In this lesson, you’re expected to learn about:
– the operation and management of a corporation
– the functions, responsibilities, and characteristics of a board of directors
– fiduciary duties in a corporation
Operation and Management of a Corporation
The corporate operation and management are basically held by corporate officers and the board of directors.
As a rule, shareholders elect a board of directors, which oversee the management of the corporation. The directors, in turn, name and employ the officers, who are responsible for the operation of the business.
Corporate officers are agents of the corporation. The members of the board of directors, however, are not its agents and do not need to follow the wishes of the majority of shareholders. The board is often legally treated as though it were a “quasi-principal”of the company.
Main Characteristics of the Board of Directors
1) It has broad powers and realizes centralized management.
2) Election of directors: the statutory default rule is one-year term with all classes of stock voting together to elect each member via simple majority
3) Board’s mandate:
• Delegates day-to-day operation to CEO (main corporate officer)
• Appoints and compensates officers
• Declares and pays dividends
• Amends bylaws
• Initiates and approves extraordinary corporate actions
• Makes major and strategic business decisions
4) A valid board action can be taken:
• by majority vote in a duly constituted board meeting
• by unanimous written consent (even if board meeting is not formally constituted)
Under this standard, a court will not second guess the decisions of independent and disinterested directors when running the business if they are made:
• in good faith.
• with the care that a reasonably prudent person would use.
• with the reasonable belief that they are acting in the best interests of the corporation.
Exceptions to this rule are when a director takes action carelessly or based on a conflict of interest or improper motivation, which can result in liability for the corporate loss.
Requires directors and officers, in making all decisions in their capacities as corporate fiduciaries, to act in good faith and with the care that an ordinarily prudent person would reasonably be expected to exercise in a similar position.
Prior to making a business decision, directors and officers need to obtain and consider all material information reasonably available to them. In addition, they should make a reasonable effort to monitor corporate activities.
Requires directors and officers, in making all decisions in their capacities as corporate fiduciaries, to act in the best interests of the corporation and its stockholders, and it forbids the fiduciaries to “stand on both sides” of a transaction.
The duty of loyalty can be breached either by making a self-interested transaction or taking a corporate opportunity.
• Sales to or purchases by the corporation from directors in which the directors have an interest
• Dealings by a parent corporation with a subsidiary
• Use of corporate funds to perpetuate control
• Insider trading
• Usurpation of corporate opportunities
• Improper use of corporate positions, property, or information
• fully disclose both the facts of the conflict and the transaction.
• get approval of both a special committee of directors and a majority of the minority shareholders.
• guarantee the special committee is independent, empowered to freely select its own advisors and to say no to the transaction, and it meets its duty of care in negotiating a fair price.
• the vote of the minority is informed and with no coercion.
• the transaction is entirely “fair”, encompassing both the fair dealing and fair price.
Usually they will adjudge lawsuits against directors’ actions to meet the duty of care under the business judgment rule and the plaintiff will have the burden of proof.

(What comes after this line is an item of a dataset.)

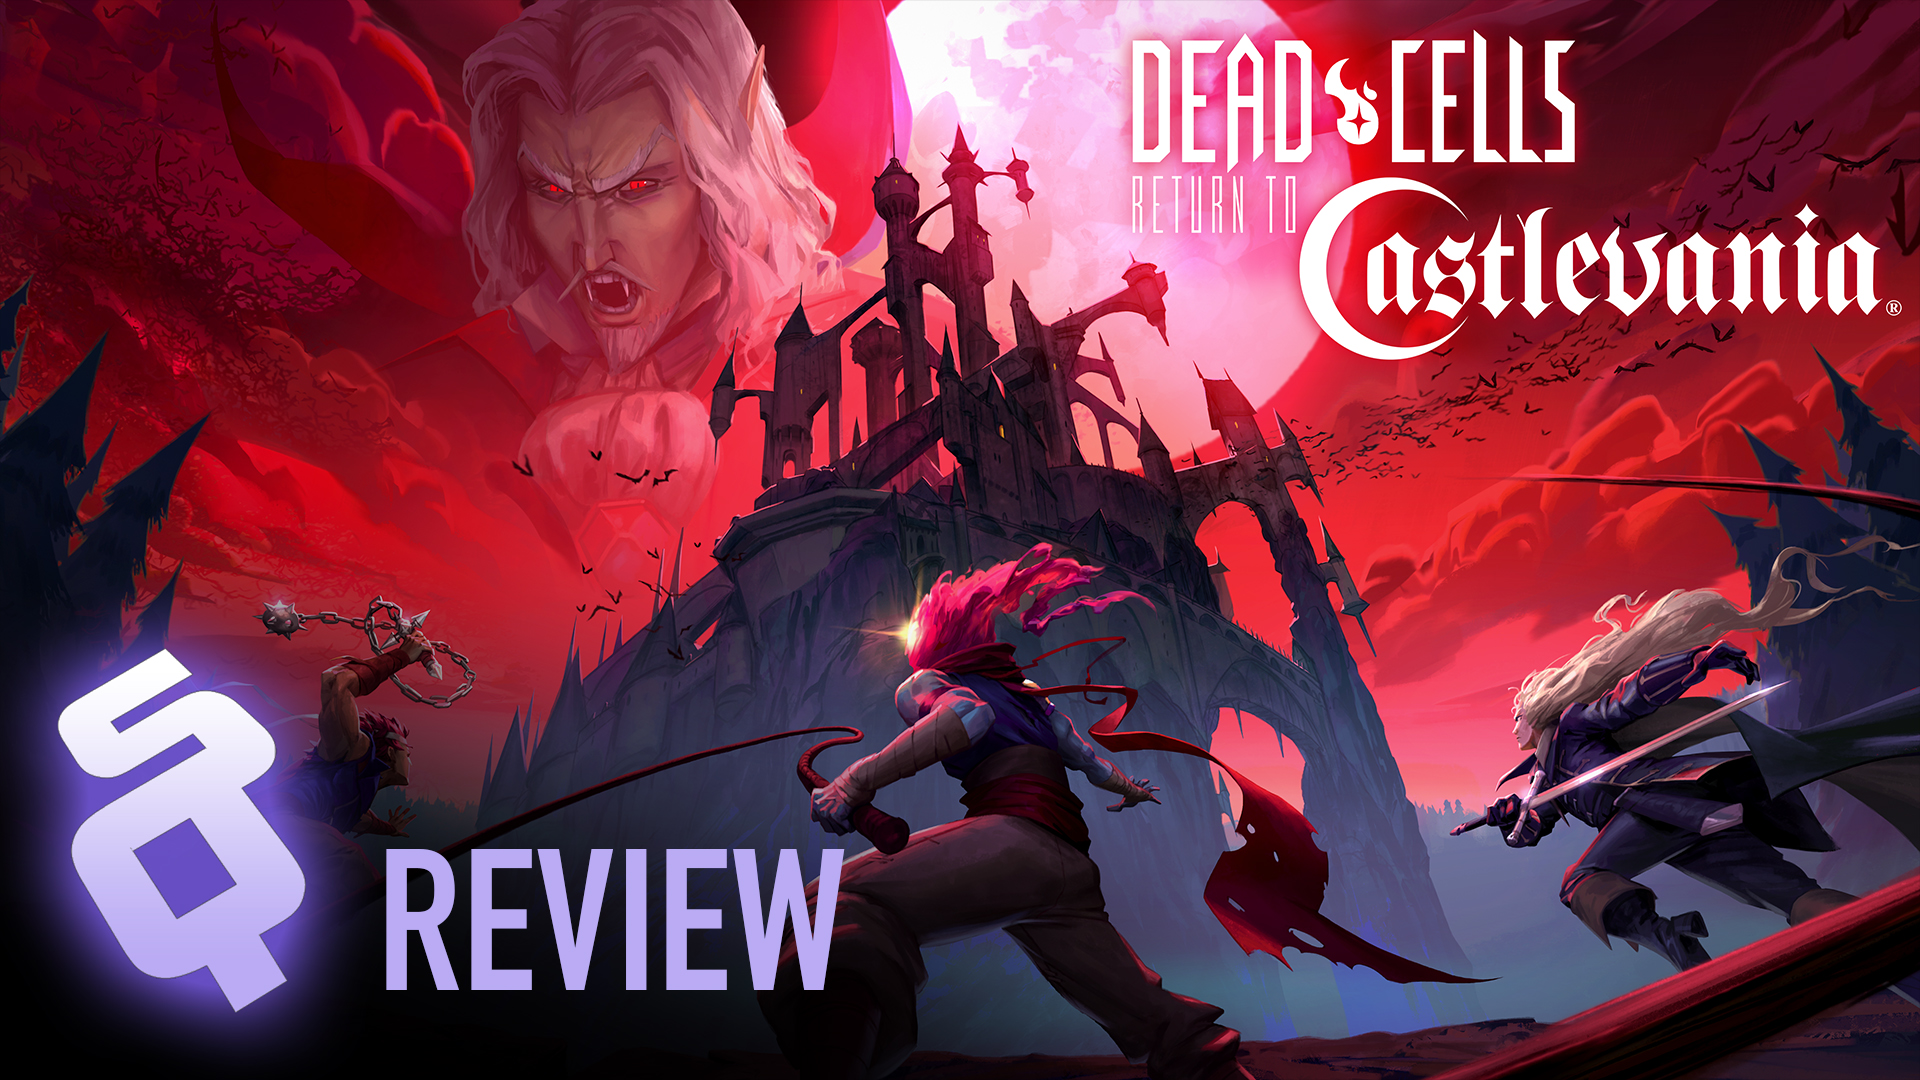 Dead Cells: Return to Castlevania review
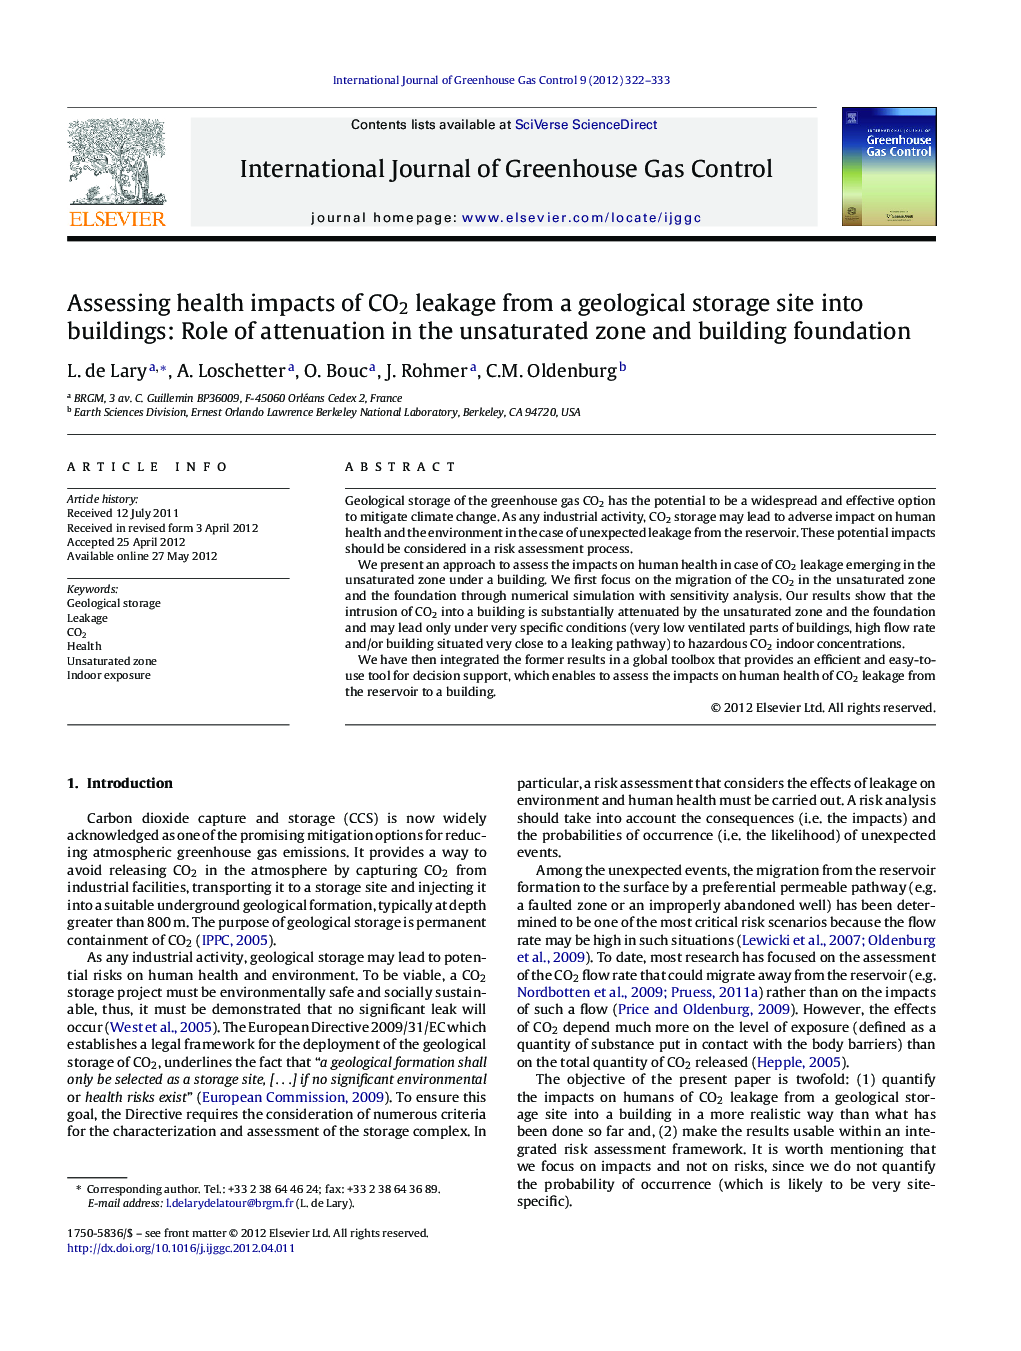 Assessing health impacts of CO2 leakage from a geological storage site into buildings: Role of attenuation in the unsaturated zone and building foundation

For lawsuits challenging their duty of loyalty, the case will be reviewed under the “entire fairness standard”.
Once it is triggered, the board has the burden to demonstrate that the transaction is inherently fair to the stockholders, including both fair dealing (i.e. process, timing, negotiation, adequate disclosure) and fair price (i.e. amount, form of payment).
The three major sources of protection for directors and officers who have breached the fiduciary duties or for other liabilities are:
1) The business judgment rule: is the first line of defense and often the best protection a company has in an action brought against a director for breach of fiduciary duties.
2) Statutory indemnification: a director or officer of a corporation can be indemnified for liability (and litigation expenses) incurred by reason of a violation of the duty of care, but not for a violation of the duty to act in good faith.
3) Directors and officers’ liability insurance (often called “D&O”): is a liability insurance by which a corporation may indemnify its directors and officers for their liabilities arising out of their corporate activities.